A: I think my biggest strength is my jumps and technical ability. In the last year, we have worked very hard to improve expression and performance. I would say an area to improve would be my consistency in competition. I need to continue working to bring what I do in my daily practices to competition.
Q: Looking forward to next season and the next four years, what are your main goals in skating and life?
A: I've always wanted to go to an Olympic Games and still do, so Pyeongchang 2018 is probably my ultimate goal. In the near future, I'm hoping to get on the senior Grand Prix circuit and qualify for senior Worlds.
Q: Who are your three favourite skaters of all time and why?
A: There are really so many skaters that I could have chosen who I look up to and admire for different reasons. I really love looking up old videos, results and just learning about the history of the sport. Right now I'm going to say Kevin Reynolds, Tara Lipinski and Midori Ito. As someone who loves to jump, I respect these skaters for their jumping prowess. Kevin holds multiple records for his jumping abilities and has always gone for the toughest technical programs throughout his career. Tara was an Olympic Champion at 15, had beautiful jumps and always looked like she was having a blast on the ice. Midori really impresses me because her jumps were so high and she really pushed the sport forward with her consistent triple axel.

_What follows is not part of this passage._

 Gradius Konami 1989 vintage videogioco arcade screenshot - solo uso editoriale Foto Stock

Q: What's one thing most people don't know about you?
A: I always jump on the bed at the hotel before going to the rink to compete.
Q: What is your favourite song, your favourite book and your favourite movie?

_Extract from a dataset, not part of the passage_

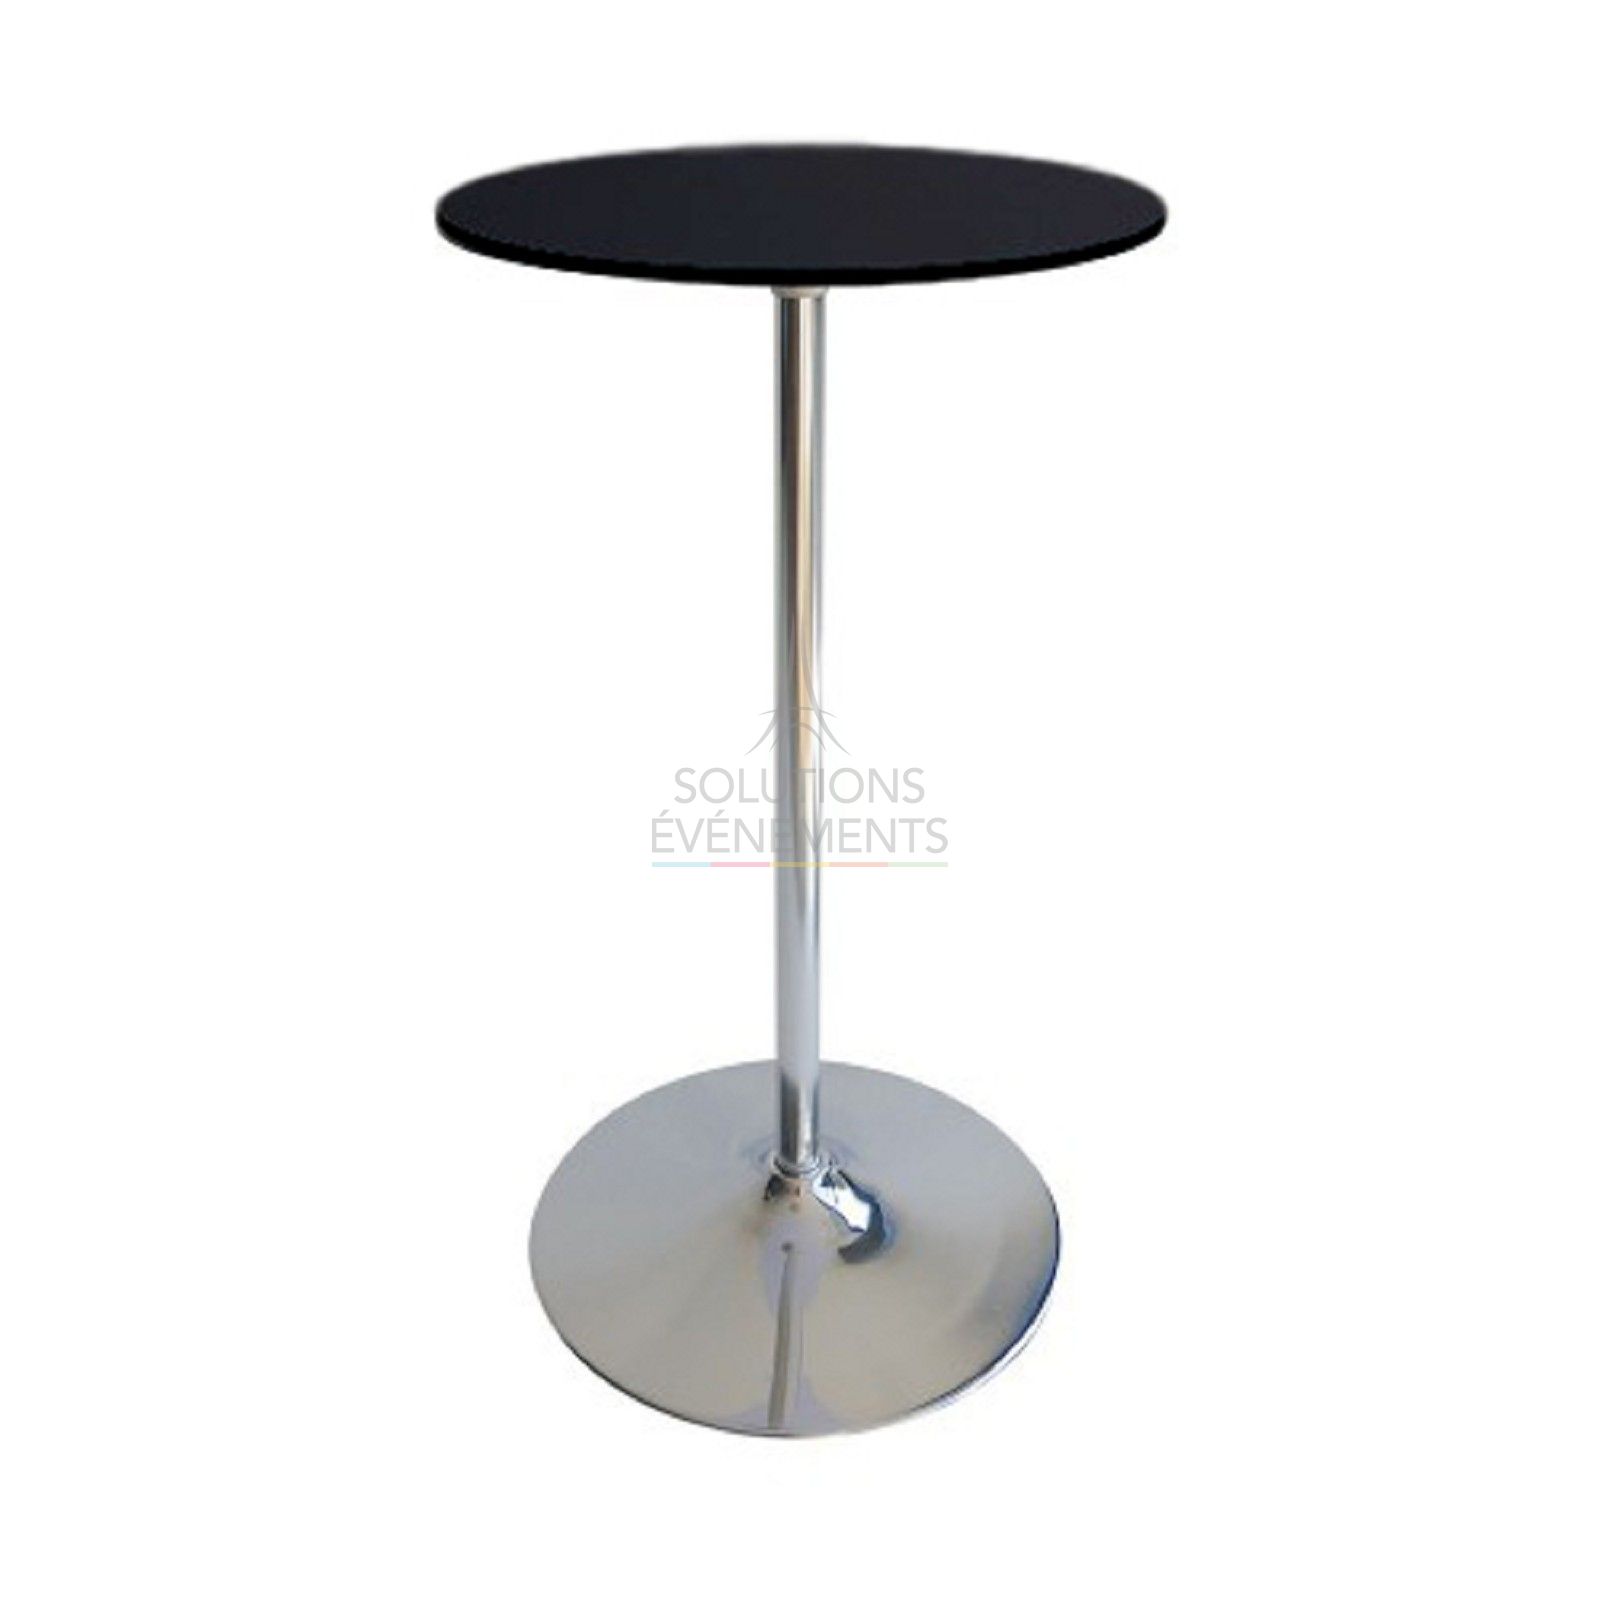 Rental of high dining table diameter 60cm

A: I can't say I have a favourite song as I generally just listen to whatever is on the radio, like top forty. I read a lot so I don't think I could pick a favourite. I like the classic movies such as The Wizard of Oz and Charlie And The Chocolate Factory.
Q: If you could travel anywhere in the world, where would you go and what would definitely be in your suitcase?
A: I think one of the most rewarding things about being a high level figure skater is getting the opportunity to travel to different countries all around the world and it's something that I really enjoy. Somewhere I haven't been yet that I would really love to visit would be Japan. I've heard so much about how the Japanese are huge figure skating fans. I also have some Japanese fans of my own who are extremely kind and are always inviting me to come visit. I would definitely bring my favourite comfy slippers which I wear on the plane and through the airport.
Q: What makes figure skating the best sport out there?
A: It combines power and strength with grace and performance which is very unique.